Thousands of customers exposed in kitchenware brand data leak
The personal details of shoppers behind more than 7500 transactions have been exposed. Photo: Neoflam Australia/ Facebook
Kitchenware brand Neoflam Australia has mistakenly published its internal warranty records, exposing the private information of more than 7500 of its customers, The New Daily can reveal.
A page under the brand’s website revealed the full name, age or age bracket, gender, phone number, home address and email of customers from between 2010 and 2015.
It also published the items, date purchased, and the name of the store the item was purchased from. The information amounts to 400 pages.
Neoflam Australia took the page offline about two hours after being alerted to the breach by The New Daily.
The breach did not reveal any banking details.
The multinational brand is known for its colourful and eco-friendly frypans, chopping boards and storage containers.
The Australian arm is run out of Mullumbimby on the New South Wales north coast. Its Australian and New Zealand-based Facebook page has more than 5000 followers.
One of the customers exposed in the breach told The New Daily it was “outrageous” that the company could be so careless with private information.
Pete, who did not want to be further identified, purchased a 26cm-deep casserole dish from a Melbourne store on October 9, 2015.
“Any brand has a responsibility to maintain the privacy of their customers,” Pete said.
“Personally, I don’t like it. I’m not happy about it.”
But he acknowledged, “It’s very hard to hide yourself these days”.
“I know there’s not a lot I can do, to be honest.”
Another customer, NSW woman Caitlin, said she tried not to give out too much information “willy-nilly” and expected better.

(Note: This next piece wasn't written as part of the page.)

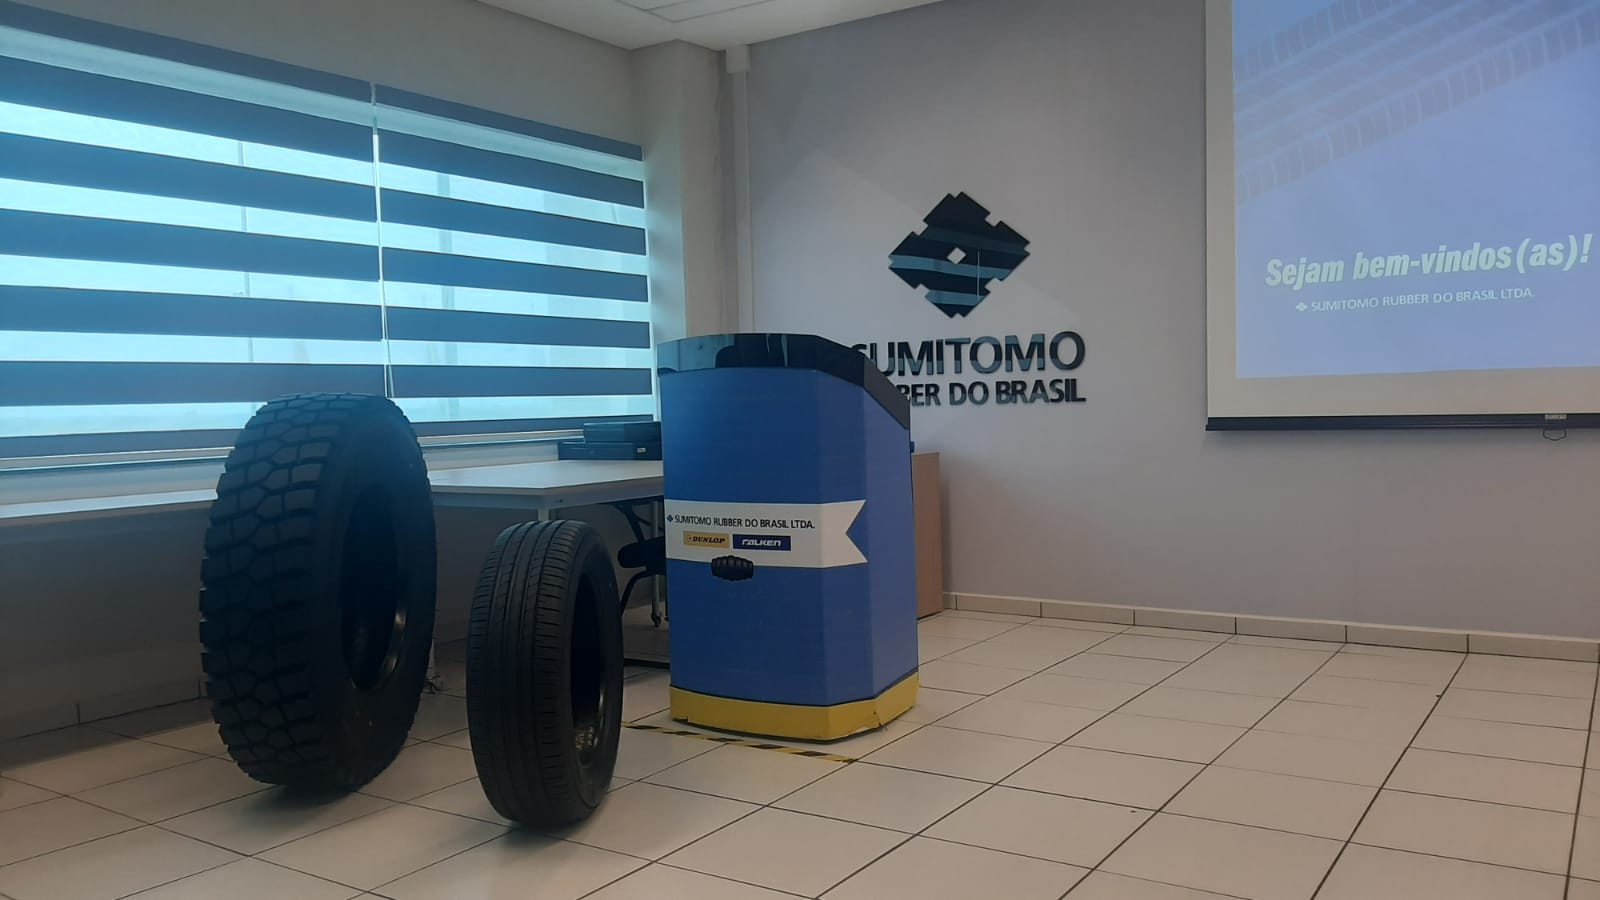 Sumitomo Rubber quer produzir 50% mais pneus até 2029 no Brasil - News Rondônia

“I’m not exactly thrilled to hear this,” Caitlin told The New Daily.
She said she would take it as a reminder to be careful when giving out information.
“It’s a little bit of a warning and a reminder for me really … So many things require you to put in details and put them in online.
“It’s something I’ll be mindful of in the future, and something that they need to be mindful of in the future too.”
Caitlin said she probably wouldn’t be deterred from buying Neoflam in the future, because she liked the products.
“I might be getting in touch with them and I would expect them to be extremely apologetic. I would want to get a pretty good reason as to why it was made public.
“I don’t mean to sound flippant because it’s not a small matter. But there’s nothing that can be done about it now.
I assume it was a mistake but that’s a pretty huge mistake.”
Another customer wasn’t fazed, saying they gave out their details all the time.
A section of the information published online, with identifying information hidden.
The New Daily spoke to a Neoflam Australia spokesperson shortly after midday on Monday but did not receive a response to questions by deadline. Follow-up queries by phone and email were not answered.
It’s not clear how long the data was publicly available online.
The privacy policy on the brand’s website said it was “absolutely committed to keeping your personal information private”.
Other internal brand literature also appeared to have been mistakenly published.
The New Daily was able to download a spreadsheet detailing the company’s wholesale prices, store mark-ups and sale plans. There were also dozens of pages of marketing imagery.